In [20]:
import requests 

docs_url = 'https://github.com/alexeygrigorev/llm-rag-workshop/raw/main/notebooks/documents.json'
docs_response = requests.get(docs_url)
documents_raw = docs_response.json()

documents = []

for course in documents_raw:
    course_name = course['course']

    for doc in course['documents']:
        doc['course'] = course_name
        documents.append(doc)

In [21]:

documents[2]

{'text': "Yes, even if you don't register, you're still eligible to submit the homeworks.\nBe aware, however, that there will be deadlines for turning in the final projects. So don't leave everything for the last minute.",
 'section': 'General course-related questions',
 'question': 'Course - Can I still join the course after the start date?',
 'course': 'data-engineering-zoomcamp'}

In [22]:
import minsearch

index = minsearch.Index(
    text_fields=["question", "text", "section"],
    keyword_fields=["course"]
)

index.fit(documents)

<minsearch.Index at 0x7f3630e7aea0>

In [23]:
import os
from openai import OpenAI

api_key = os.getenv("OPENROUTER_API_KEY")

client = OpenAI(
    api_key=api_key,
    base_url="https://openrouter.ai/api/v1"
)


In [24]:
def search(query):
    boost = {'question': 3.0, 'section': 0.5}

    results = index.search(
        query=query,
        filter_dict={'course': 'data-engineering-zoomcamp'},
        boost_dict=boost,
        num_results=5
    )

    return results

In [13]:
def build_prompt(query, search_results):
    prompt_template = """
You're a course teaching assistant.

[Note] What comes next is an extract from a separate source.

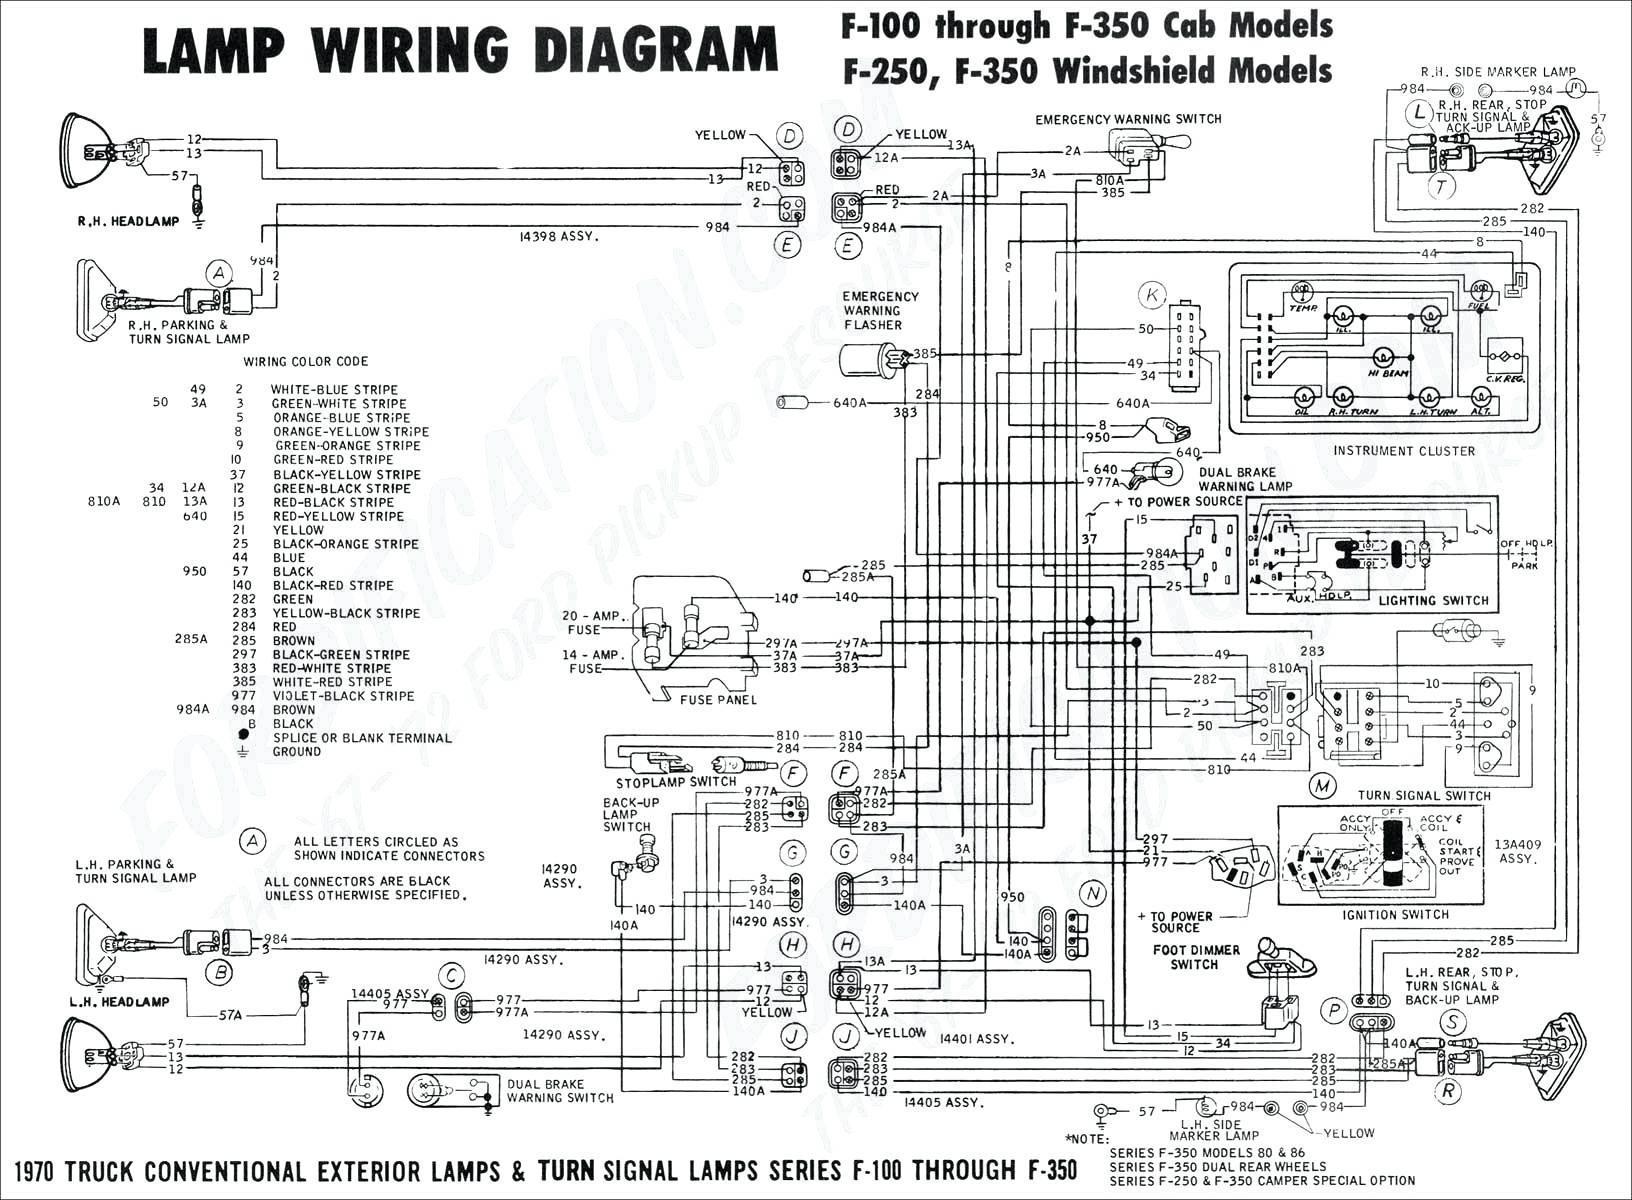 2003 Chevy Silverado Engine Diagram 2003 Silverado 1500 Wiring Diagram Of 2003 Chevy Silverado Engine Diagram

Answer the QUESTION based on the CONTEXT from the FAQ database.
Use only the facts from the CONTEXT when answering the QUESTION.

QUESTION: {question}

CONTEXT: 
{context}
""".strip()

    context = ""
    
    for doc in search_results:
        context = context + f"section: {doc['section']}\nquestion: {doc['question']}\nanswer: {doc['text']}\n\n"
    
    prompt = prompt_template.format(question=query, context=context).strip()
    return prompt

In [17]:
def llm(prompt):
    response = client.chat.completions.create(
    model="deepseek/deepseek-r1-0528-qwen3-8b:free",
    messages=[{"role": "user", "content": prompt}]
)
    
    return response.choices[0].message.content

In [18]:
def rag(query):
    search_results = search(query)
    prompt = build_prompt(query, search_results)
    answer = llm(prompt)
    return answer

In [25]:
rag('how do I run kafka?')

"To run Kafka producer or consumer applications from your project, you'll need to use the specific instructions for your programming language. \n\nFor Java projects, you can run the producer using:\n`java -cp build/libs/<jar_name>-1.0-SNAPSHOT.jar:out src/main/java/org/example/JsonProducer.java`\n\nFor Python, ensure all dependencies are installed in a virtual environment using:\n`python -m venv env`\n`source env/bin/activate`\n`pip install -r ../requirements.txt`\n\nIf you encounter permission errors when running scripts, you may need to change file permissions first with:\n`chmod +x build.sh`\n\nAdditional troubleshooting steps are available for other specific issues you may encounter."

In [26]:
rag('the course has already started, can I still enroll?')

"Yes, even if the course has already started, you're still eligible to enroll and submit homeworks."